I was 100% in until 80% of the video. Then, it was like...
So the government is watching me through my webcam?
我想字幕 Who stole the subtitles?
CCTV camera?
Designer is a Liverpool FC fan I see.
I suppose these are the same kernels used in Photoshop
How did you get 147 ? I can't understand.
-185-186-186+233+233+233 = 142
May be the presentation error, but still the concept is clear with the next example which equals to 1
So.... How do you play sudoku
isn't it upper left corner?
On our path to Judgement day.. hehe
No edge!
Amazon Go is an example
A computing device should never change behavior depending on highly subjective factors, it should only do what it is explicitely told to do.
If my computer can't lie then it's not really alive!
But then it's just a faster calculator :(
Even if something that is subjective is in the code, it’s still *in the code*, meaning that the computer is not making its own decisions.

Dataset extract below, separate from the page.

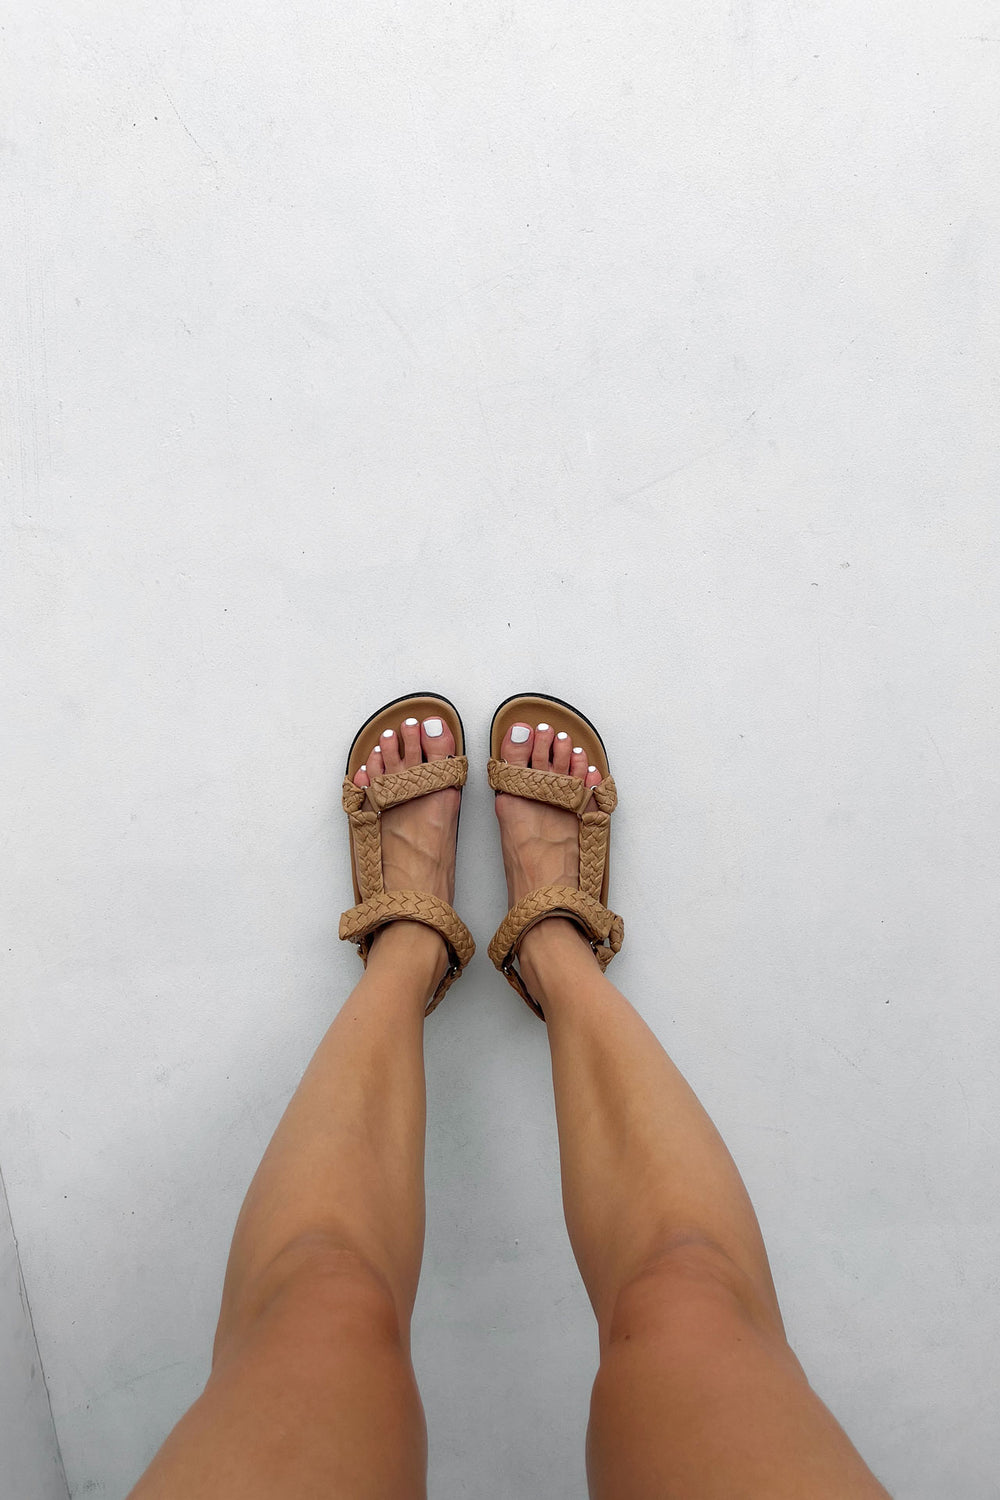 Indie Sandals - Tan

Only the programmer makes decisions based on subjective ideas.
The point is that the user's inputs to the program are no longer under the complete control of the user. Typing & clicking the same things might not get the same behavior/output, based on some ML classifier trying to interpret your mood/intentions/... more or less well.
This *affective computing* approach is very different from regular UI design.
Hear and speak you say? Well...
Cool, this is Tesla's expertise.
She spoiled the next video of 3blue1brown! He's litteraly in the middle of the image recognition by deep learning subject
This channel is for the jitterbug learners for whom reading and super breakout compress to the same function. Grant is more for the laid-back learners who leave good questions unsaid.